The white-bellied dacnis is primarily a bird of the far western Amazon Basin. It is found across the southeastern third of Colombia south intermittently through eastern Ecuador into northeastern Peru as far as central Ucayali Department with a few reports further south. From Colombia and Peru its range extends northeast across far western Brazil's Acre, Amazonas, and Roraima states into southwestern Amazonas state in southern Venezuela. There are also a few records in central and eastern Amazonian Brazil.

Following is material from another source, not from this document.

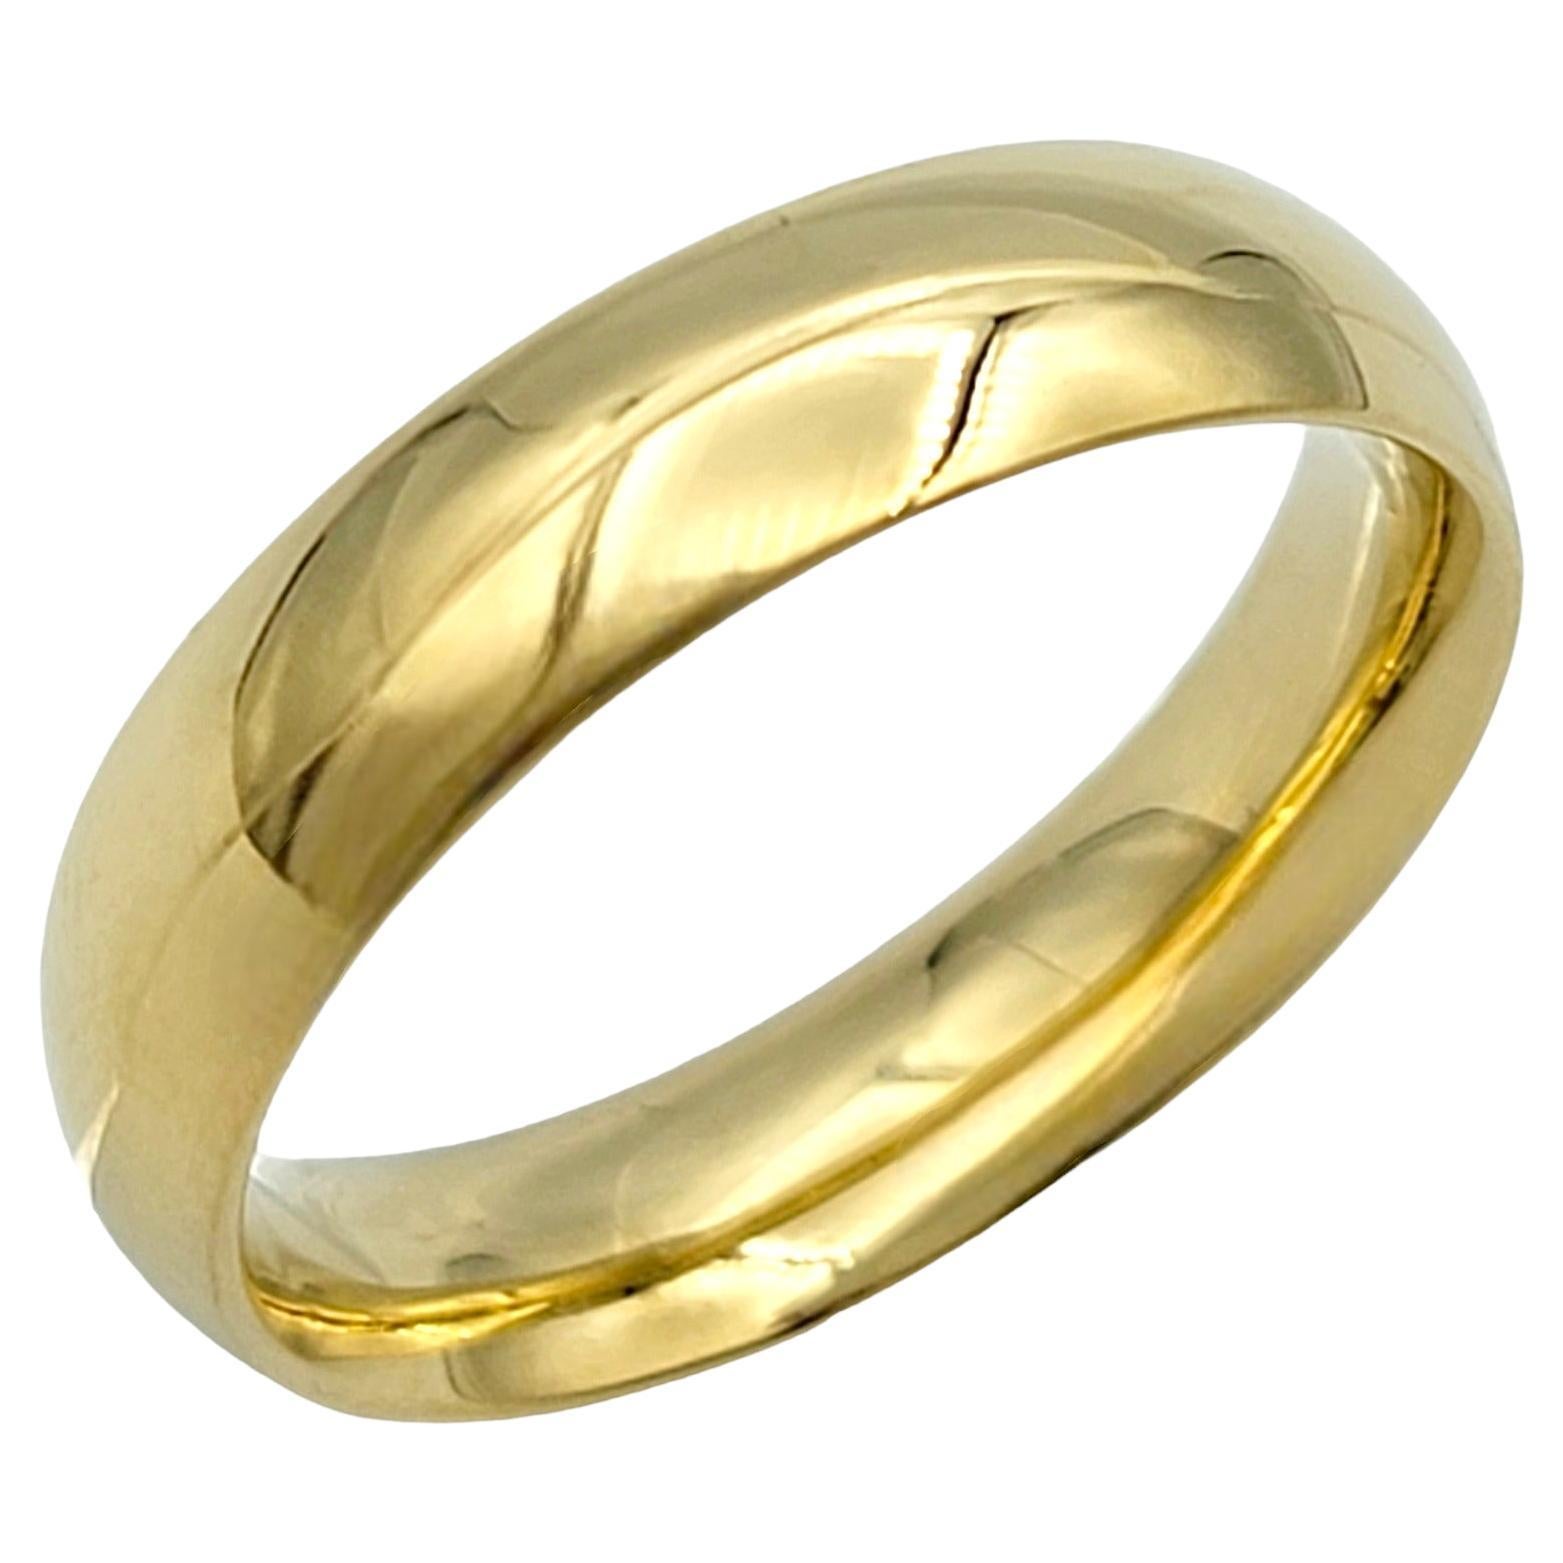 Ringgröße: 8

Dieser Bandring von Georg Jensen aus 18 Karat Gelbgold strahlt mit seiner Hochglanzpolitur zeitlose Eleganz aus. Die glatte Oberfläche des Rings reflektiert das Licht wunderschön und verleiht jedem Ensemble einen Hauch von Luxus. Sein

The white-bellied dacnis "appears to prefer somewhat marginal habitats". These include white-sand forest and savanna, well-weathered terra firme, and campina. In elevation it reaches 500 m in Colombia, 300 m in Ecuador, 200 m in Venezuela, and 400 m in Brazil.

==Behavior==
===Movement===

The white-bellied dacnis is generally a year-round resident. However, it is suspected of making some seasonal movements in Colombia.

===Feeding===

The white-bellied dacnis feeds on berries, insects, and nectar. It usually forages singly or in pairs, though sometimes in small groups, and most of the time with mixed-species feeding flocks. It forages mostly in the forest canopy though lower at the edges. It gleans insects from foliage, often hanging upside down, and also takes them in mid-air.

===Breeding===

Nothing is known about the white-bellied dacnis' breeding biology.

===Vocalization===

The white-bellied dacnis' song is "a high and lisping see-suleleee, interspersed with call notes and trills such as tzet tzaleet saleet't't't't't with phrases separated by short intervals of 1 to 3 seconds". Its calls include "a high, descending tseew and rising tee?, also a thin ti often given in series".

==Status==

The IUCN originally in 1988 assessed the white-bellied dacnis as Threatened, then in 1994 as Near Threatened, and since 2000 as being of Least Concern. It has a large range; its population size is not known but is believed to be stable. No immediate threats have been identified. It is considered "uncommon and seemingly seasonal" in Colombia, "rare and very local" in Ecuador, "rare [and] poorly known" in Peru, "rare" with only "scattered records" in Venezuela, and "uncommon to rare" in Brazil. It has "a high degree of sensitivity to human disturbance relative to other Neotropical birds" but does occur in several protected areas.